This quote was for a replacement battery at a BMW dealership in Seattle.
The car involved is a 2015 i3 REX, which was worth about $47,000 when new.
Other owners of i3s and different EVs have received wildly different quotes for the same work.
A Reddit user recently posted an estimate they received for a replacement battery for their 2015 BMW i3 which quotes the price of the component as a staggering US $71,208.27.
While this seems like a ridiculous price, higher than most other battery replacement estimates, owners of different electric vehicles have posted wildly varying quotes they received themselves, ranging from a few thousand dollars to $30,000.
This sheds light on a situation that remains nebulous, namely EV repairs and battery replacement.
Indeed, numerous owners of electric vehicles have found out that dealerships are charging almost as much as the car is worth to replace the battery.
In this most recent case, other Reddit users have speculated that the high quote for the component is meant to deter the driver because the BMW dealership in Seattle is not willing, or perhaps not equipped, to perform the work. Since dealerships can’t simply refuse to work on a vehicle they sold because they “don’t want to”, they find other ways to discourage owners and push them away.
These high repair estimates are leading many skeptics to consider electric vehicles as single-use items that work for a few years and then become useless once the battery needs replacing.
On the other hand, there are several specialized shops that can replace batteries and return EVs to almost-new condition for significantly less money than what dealers are asking for.
One of the reasons why this is possible is that main dealers are usually reluctant to replace only the defective modules or cells, preferring to change the entire battery at once.

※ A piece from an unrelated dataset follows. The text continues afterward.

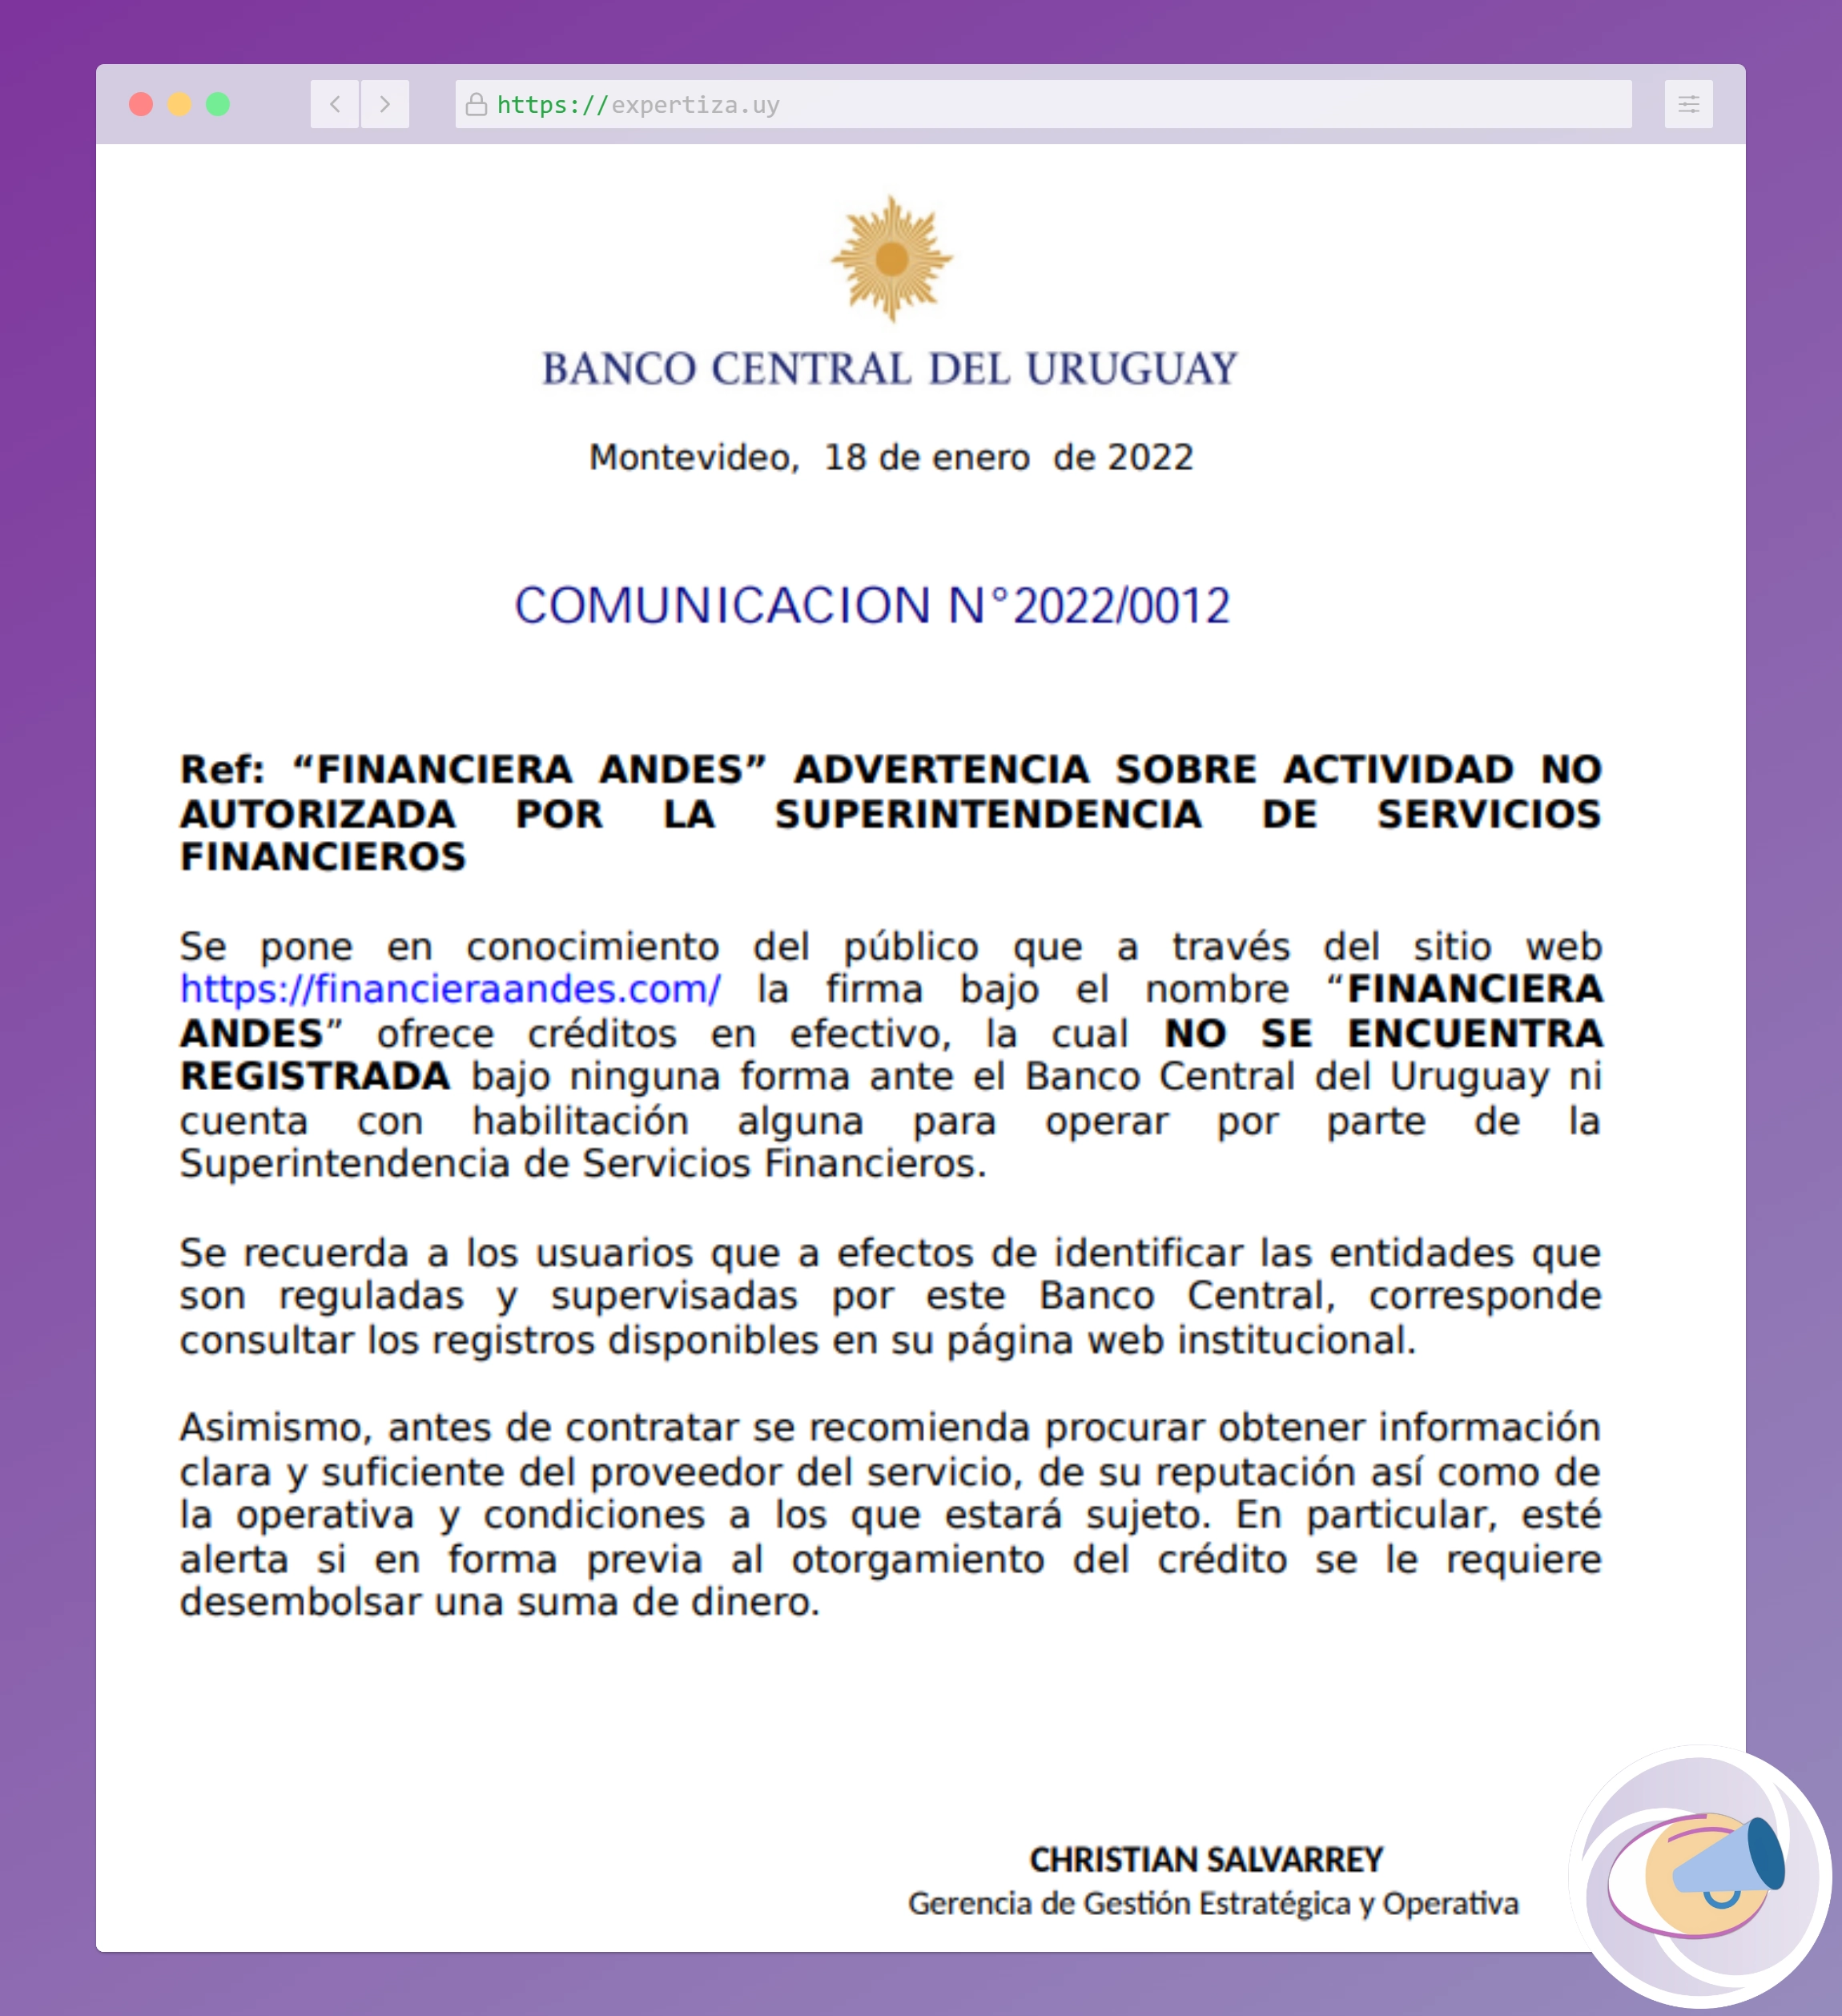 Comunicación del Banco Central del Uruguay sobre actividad no autorizada.

In the case of a BMW i3 REX, like the car involved in the latest story, a complete battery is made of eight individual modules, which cost about $3,000 to $3,500 each to replace.
Since most often there is only one module that goes bad at a time, repairs can be made much more affordably than many would expect, and even if the entire battery does need to be replaced, the total cost of materials should remain under $30,000, a far cry from the $71,208 quote.
While having to pay close to $30,000 to keep a ten-year-old car on the road is ludicrous, it is worth remembering that battery replacements are still very rare on the whole, and that many of the first EVs such as the Tesla Model S and the Nissan Leaf are still happily driving around on their original batteries.
Furthermore, the owner of the i3 who was quoted over $70,000 for a battery has clarified that their vehicle is still functional and they were only “thinking about the future”.
Nevertheless, automakers (not just BMW) will have to show that they are committed to supporting their EV customers in the long term with better repair solutions and more reasonable prices if they don’t want to scare a large portion of potential buyers away from their new electric models.